Ariginya Festival is a commonly celebrated festival celebrated in one of the Ondo State town called Ikare Akoko. Depending on the dialect and mode of pronunciation, some call it Aringinya. This festival is said to be one of the foremost traditional festival celebrated in this town from inception. Ikare-Akoko is one of the town located in the southwest region of Nigeria, and in the Yoruba area. The festival is one out of many festivals that is set to celebrate the virginity and chastity among female genders as the Yoruba land is known for her worth and high value pertaining to decency and purity. The festival is such that helps to improve the mindset of dignity and purity as well as the value of a woman staying pure and reserved until the wedding and only to her husband. This has helped to improve the rate of decency in the town as young girls understands the price and the worth and that one of the greatest virtue of a woman is her virginity and a media to stand against sexual abuse and harassment

.Thank you

History 
Knowing from history through books, story and other records of how princes migrated from ile-ife to settle in various locations and found different towns and cities that we have existing today, Ikare-Akoko wasn't left out. Ikare-Akoko was also, said to be founded by a Prince who migrated from Ile-Ife with the name Owa Ale Agbaode. He was one of the Oduduwa grand children. His settlement in Ikare was as a result of the instruction given by Ifa(one of the Yoruba gods), on getting to Ikare he settled at a place now called ''Oke iba'' that is sited behind a hill and a brook called the ''omi Atan'' that does not run dry even in dry seasons.

This water is said to be a supernatural water as it abore a goddess. The goddess named Ariginya appears to the people of the land and blesses the people yearly at the month of May. Therefore, the community reserved this period when then the goddess visit as a festive period, and since the appearance of the goddess as described by the people showcase purity, the festive season became a period to celebrate purity of womanhood and any young woman who has lost her virginity is not allowed to move close to the brook. Though Aringinya is a festival celebrated by the whole community, it is said that only the true maiden of the land that participate in the festival.
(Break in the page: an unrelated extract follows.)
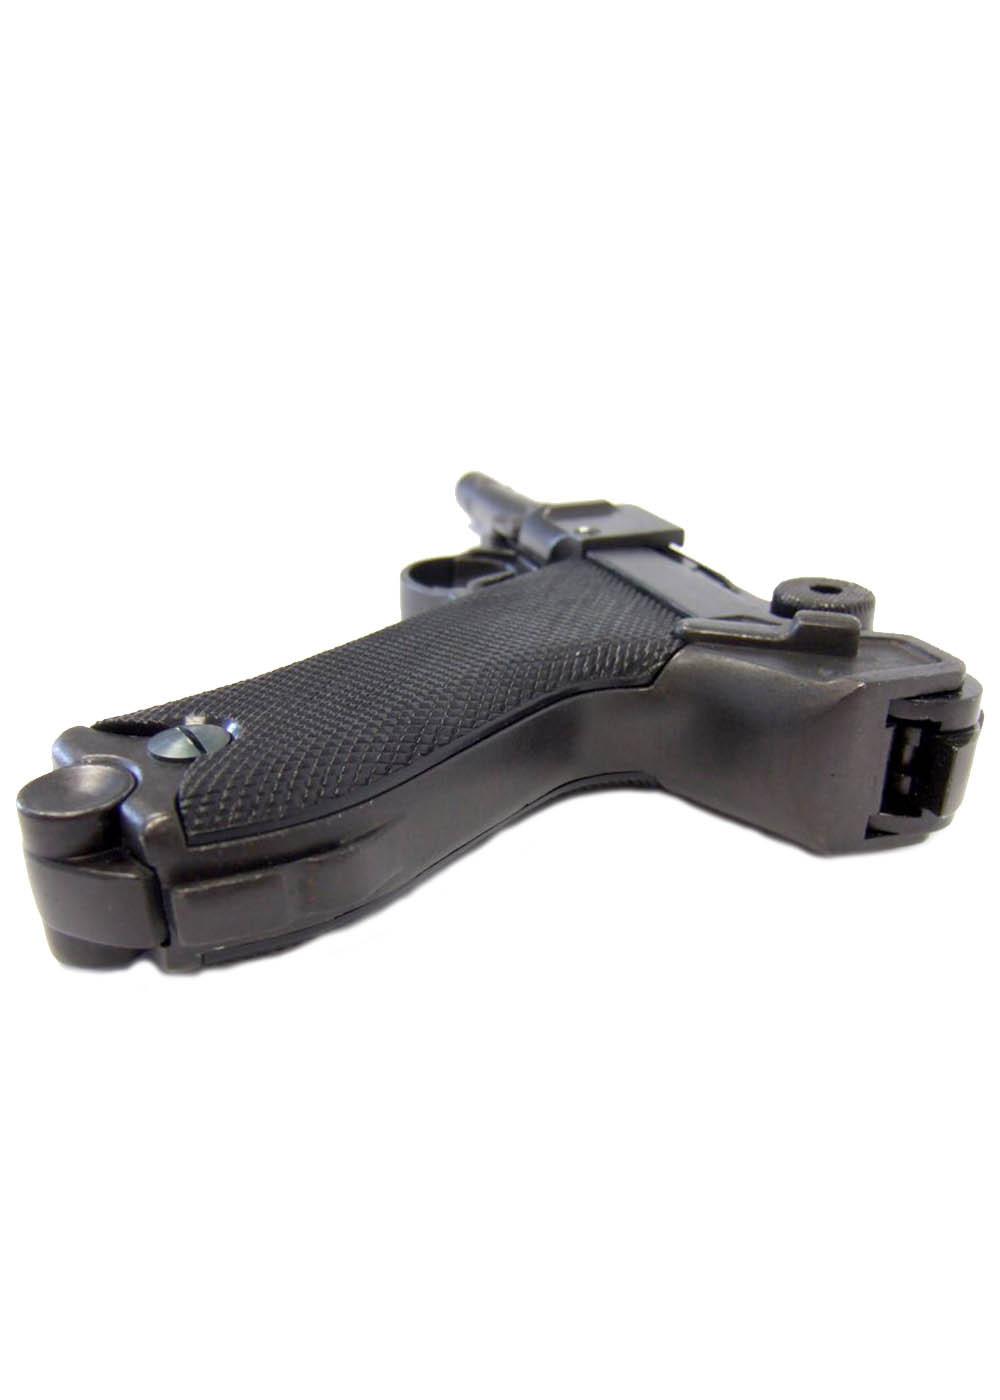 Пистолет Люгера Р08 Парабеллум, Германия, 1898 г.
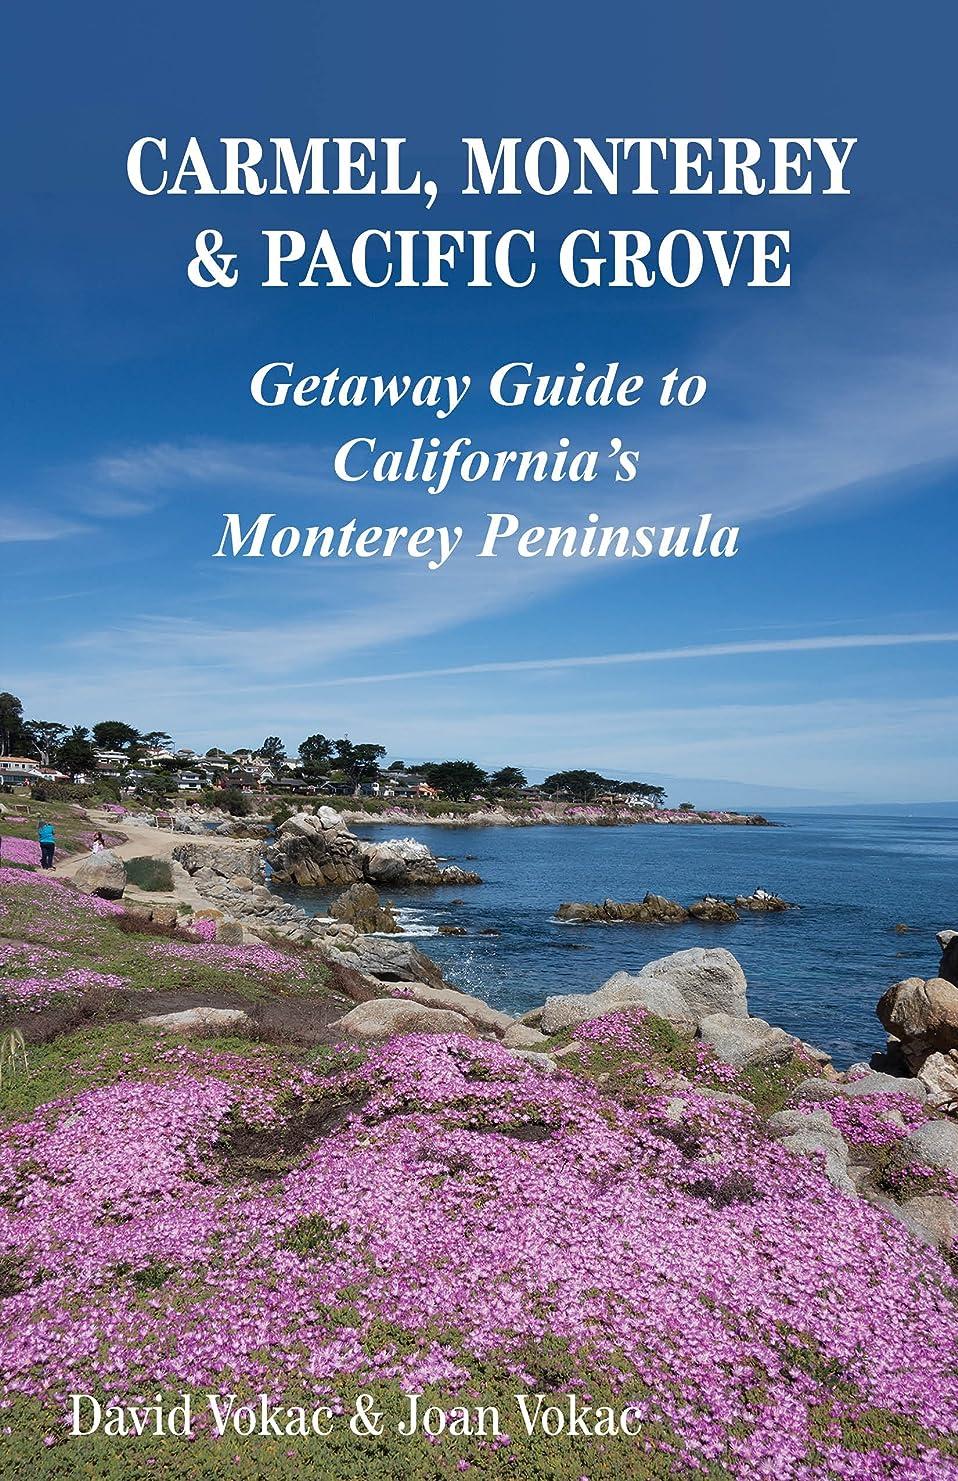 責める賭け組Carmel, Monterey & Pacific Grove: Getaway Guide to California's Monterey Peninsula (Great Towns of America ebook series 13) (English Edition)

The goddess is known as the goddess of chastity, fruitfulness, and harvest. The festival is celebrated prior to planting season and it is said that it is a taboo for rain to fall during this festive period, and if such happens it is an indication that one or more of the maiden that has gone to the brook has lost her virginity and this will lead to the consultation of the Ifa priest to bring out the offender.

Festivity 
It is said that the Ariginya festival is a week festival celebrated prior to planting season as it a means of procuring the blessing of the goddess for fruitfulness, harvest, and chastity. During the festive period, only the young maiden (virgin) can participate in the festival as pertaining visiting the omi Atan. Most girls that visit the brook are naked as only there waist bead is left with tattoos drawn on there faces and bodies drawn with chalks and white lime, they march to the brooks as they do there traditional dances while sounds of drums, gong and other traditional musical instrument are heard. The males help to clear there path to the brook as well as to clean it. After, a while the goddess will come out of the river and bless the maidens and the community and married women who are seeking for the fruit of the womb will now step out to receive the blessing of fruitfulness from the goddess. Post this activity, the masquerade called igede-oka appears and display different styles.

At the end of the activities the community will march and dance to the palace and receive blessing from the crown king.